L’Europa ha fissato un obiettivo chiaro: almeno il 42,5% di energia da fonti rinnovabili entro il 2030, con l’aspirazione di arrivare al 45%. Il Governo italiano, invece, sceglie di fermarsi al 39,4%. Può sembrare una differenza marginale, ma non lo è affatto. Significa meno investimenti, meno occupazione qualificata, più dipendenza da gas e petrolio importati e, soprattutto, bollette più esposte alle crisi geopolitiche. Un costo che ricade in modo diretto su cittadini e PMI, già messi alla prova dall’aumento dei prezzi dell’energia.
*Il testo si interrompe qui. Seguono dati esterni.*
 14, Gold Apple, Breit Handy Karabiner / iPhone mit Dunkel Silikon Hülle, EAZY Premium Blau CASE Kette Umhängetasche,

Uno dei punti più critici dello schema di decreto, l’Atto del Governo n. 324, riguarda il settore dei trasporti, responsabile di una quota rilevante delle emissioni climalteranti e del consumo di combustibili fossili. Nel testo manca il pieno recepimento degli obiettivi europei: senza regole chiare su elettrificazione, biocarburanti realmente sostenibili e nuovi combustibili puliti, le imprese non investono e i cittadini restano senza alternative concrete all’auto tradizionale. La strada maestra è l’elettrificazione dei consumi, che riduce la dipendenza energetica e nel tempo anche i costi. Idrogeno verde e carburanti sintetici vanno invece riservati ai settori dove non esistono soluzioni immediate, come l’aviazione e il trasporto marittimo di lungo raggio.
C’è poi il tema delle biomasse. Usare il legno per produrre energia ha senso solo come ultima opzione, dopo il riuso e il riciclo. Le deroghe previste dal decreto rischiano invece di incentivare l’incenerimento di materiale che potrebbe essere valorizzato industrialmente, in contrasto con i principi dell’economia circolare e con effetti negativi su ambiente e territori. Ancora una volta, a pagare sono le comunità locali.
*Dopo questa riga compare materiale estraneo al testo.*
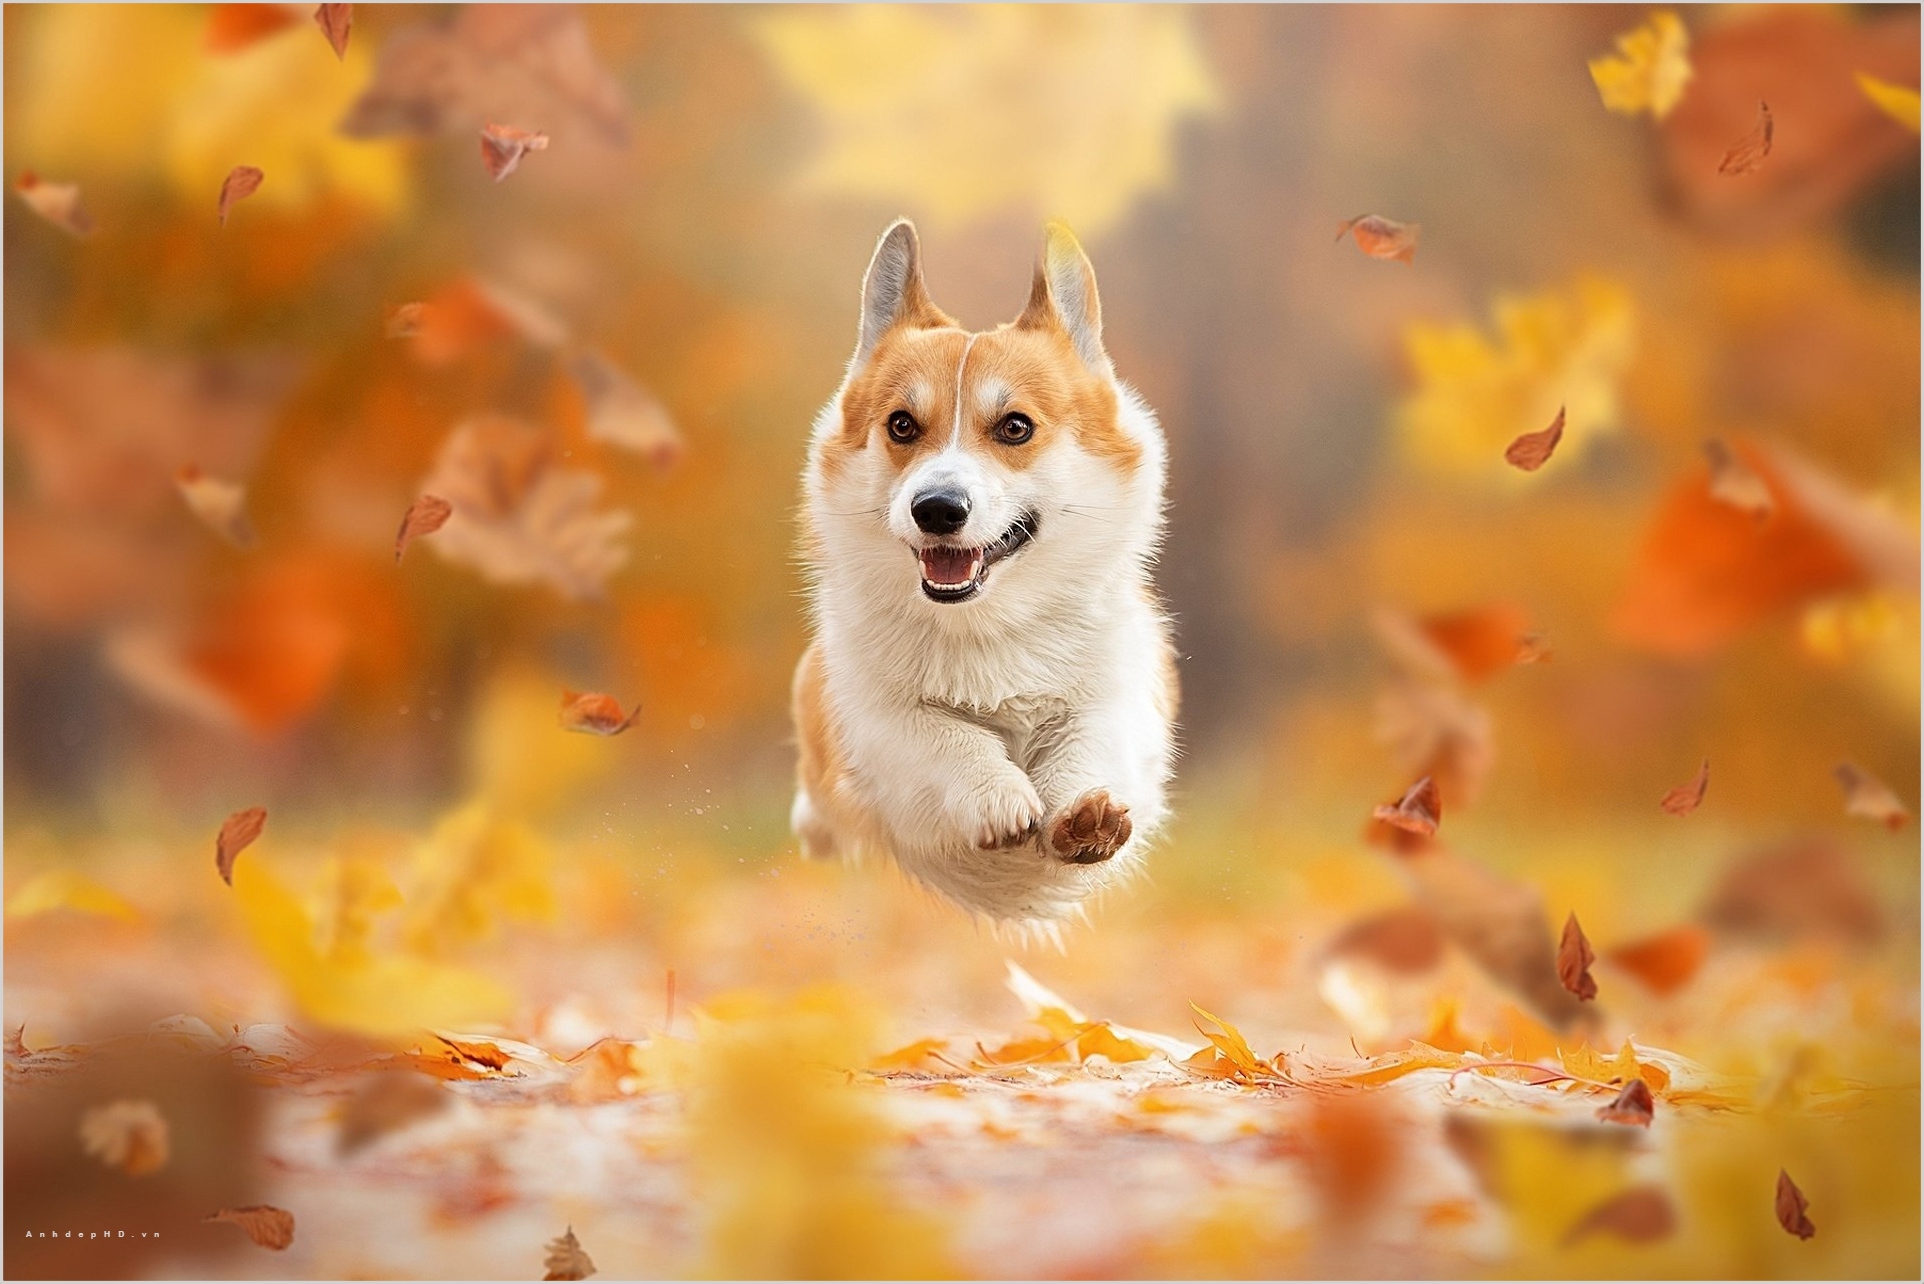 Hình ảnh chó đẹp chắc chắn sẽ góp phần làm cho không gian sống của bạn trở nên sinh động và đầy màu sắc hơn. Hãy xem ngay những hình ảnh nổi bật về chó đáng yêu này!

Un altro nodo centrale riguarda gli incentivi. Promuovere le rinnovabili è giusto, ma farlo scaricando costi aggiuntivi in bolletta su famiglie e piccole imprese non lo è. Gli oneri di sistema colpiscono soprattutto chi consuma meno e ha minore capacità contributiva. Per questo è fondamentale legare gli incentivi all’energia effettivamente prodotta e immessa in rete, evitando meccanismi che rischiano di gonfiare i costi senza benefici proporzionati.
Grave è anche il ridimensionamento delle risorse per le Comunità Energetiche Rinnovabili, uno degli strumenti più efficaci per coinvolgere cittadini e PMI, ridurre le bollette e redistribuire i benefici della transizione sui territori. Senza un vero sostegno alle CER e senza una reale semplificazione burocratica, la transizione resta un privilegio per pochi.
La transizione energetica deve entrare con decisione anche negli edifici: ogni volta che si sostituisce un impianto di riscaldamento, bisogna dire chiaramente addio alle caldaie fossili. Rimandare con formule vaghe significa solo spostare il problema nel tempo e scaricarlo sulle prossime generazioni.
Infine, c’è una questione spesso sottovalutata: le competenze. Senza tecnici qualificati, pubbliche amministrazioni preparate e filiere industriali solide, la transizione resta sulla carta. Investire in formazione, rafforzare la partecipazione democratica e coinvolgere imprese e lavoratori non è un dettaglio, ma la condizione per trasformare la sfida climatica in un’opportunità di sviluppo.
La transizione energetica può essere un vantaggio per tutti, ma solo se è ambiziosa, giusta e trasparente. Altrimenti rischia di diventare l’ennesima promessa mancata, pagata da cittadini e piccole imprese.